EXTRACTED MATERIAL
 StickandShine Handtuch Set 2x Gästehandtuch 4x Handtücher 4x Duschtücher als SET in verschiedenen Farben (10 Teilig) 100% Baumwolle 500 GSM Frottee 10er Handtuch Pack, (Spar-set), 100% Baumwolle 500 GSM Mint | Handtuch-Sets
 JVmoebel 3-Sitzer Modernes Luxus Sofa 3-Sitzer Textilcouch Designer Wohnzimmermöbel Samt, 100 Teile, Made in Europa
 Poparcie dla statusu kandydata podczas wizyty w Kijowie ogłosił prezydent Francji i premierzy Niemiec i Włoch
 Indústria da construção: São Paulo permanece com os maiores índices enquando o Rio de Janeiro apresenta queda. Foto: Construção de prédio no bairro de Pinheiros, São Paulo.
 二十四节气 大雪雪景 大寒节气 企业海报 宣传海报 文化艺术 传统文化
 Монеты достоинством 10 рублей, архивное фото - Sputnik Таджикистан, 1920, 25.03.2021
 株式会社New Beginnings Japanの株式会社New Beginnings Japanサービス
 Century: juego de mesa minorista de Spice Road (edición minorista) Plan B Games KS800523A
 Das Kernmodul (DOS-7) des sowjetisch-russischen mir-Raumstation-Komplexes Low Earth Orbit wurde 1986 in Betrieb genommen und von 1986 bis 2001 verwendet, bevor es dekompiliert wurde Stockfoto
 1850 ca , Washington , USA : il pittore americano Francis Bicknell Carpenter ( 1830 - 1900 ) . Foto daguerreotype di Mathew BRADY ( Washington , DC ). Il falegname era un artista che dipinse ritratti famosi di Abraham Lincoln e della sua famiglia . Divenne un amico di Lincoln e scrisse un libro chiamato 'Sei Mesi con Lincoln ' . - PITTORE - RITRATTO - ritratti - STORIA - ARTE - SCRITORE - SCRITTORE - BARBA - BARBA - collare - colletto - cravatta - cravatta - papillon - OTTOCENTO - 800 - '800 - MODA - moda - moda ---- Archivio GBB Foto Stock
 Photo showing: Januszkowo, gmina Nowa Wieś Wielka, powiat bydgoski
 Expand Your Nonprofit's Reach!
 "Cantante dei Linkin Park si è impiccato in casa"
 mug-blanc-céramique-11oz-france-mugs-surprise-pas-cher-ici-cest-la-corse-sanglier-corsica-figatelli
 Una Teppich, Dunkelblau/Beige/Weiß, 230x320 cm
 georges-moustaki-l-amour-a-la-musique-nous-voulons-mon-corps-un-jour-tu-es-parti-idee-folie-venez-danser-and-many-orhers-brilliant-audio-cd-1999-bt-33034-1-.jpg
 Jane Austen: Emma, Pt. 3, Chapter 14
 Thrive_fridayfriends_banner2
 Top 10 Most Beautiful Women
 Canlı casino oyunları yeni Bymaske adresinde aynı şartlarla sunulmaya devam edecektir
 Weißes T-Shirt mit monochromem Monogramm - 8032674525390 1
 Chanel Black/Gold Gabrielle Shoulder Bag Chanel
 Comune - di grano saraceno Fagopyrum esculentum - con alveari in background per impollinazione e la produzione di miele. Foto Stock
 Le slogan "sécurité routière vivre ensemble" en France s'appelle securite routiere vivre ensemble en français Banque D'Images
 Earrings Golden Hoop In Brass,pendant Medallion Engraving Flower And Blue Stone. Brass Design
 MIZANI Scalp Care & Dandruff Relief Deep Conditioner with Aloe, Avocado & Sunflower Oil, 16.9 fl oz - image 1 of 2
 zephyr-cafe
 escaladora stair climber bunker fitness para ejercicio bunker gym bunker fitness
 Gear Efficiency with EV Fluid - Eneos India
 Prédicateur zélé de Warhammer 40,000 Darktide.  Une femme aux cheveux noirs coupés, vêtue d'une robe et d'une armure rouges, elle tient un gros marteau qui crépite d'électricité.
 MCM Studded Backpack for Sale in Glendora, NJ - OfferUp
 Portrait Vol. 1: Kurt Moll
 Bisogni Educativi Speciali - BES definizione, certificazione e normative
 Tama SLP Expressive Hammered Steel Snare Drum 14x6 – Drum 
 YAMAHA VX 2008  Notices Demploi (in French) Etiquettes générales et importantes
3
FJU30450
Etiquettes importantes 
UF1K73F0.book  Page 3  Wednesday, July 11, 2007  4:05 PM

TASK INSTRUCTIONS
The required result is an exact repeat of the records above from the line containing "Gear Efficiency with EV Fluid - Eneos India" to their final line.

RESULT OF THIS EXERCISE
 Gear Efficiency with EV Fluid - Eneos India
 Prédicateur zélé de Warhammer 40,000 Darktide.  Une femme aux cheveux noirs coupés, vêtue d'une robe et d'une armure rouges, elle tient un gros marteau qui crépite d'électricité.
 MCM Studded Backpack for Sale in Glendora, NJ - OfferUp
 Portrait Vol. 1: Kurt Moll
 Bisogni Educativi Speciali - BES definizione, certificazione e normative
 Tama SLP Expressive Hammered Steel Snare Drum 14x6 – Drum 
 YAMAHA VX 2008  Notices Demploi (in French) Etiquettes générales et importantes
3
FJU30450
Etiquettes importantes 
UF1K73F0.book  Page 3  Wednesday, July 11, 2007  4:05 PM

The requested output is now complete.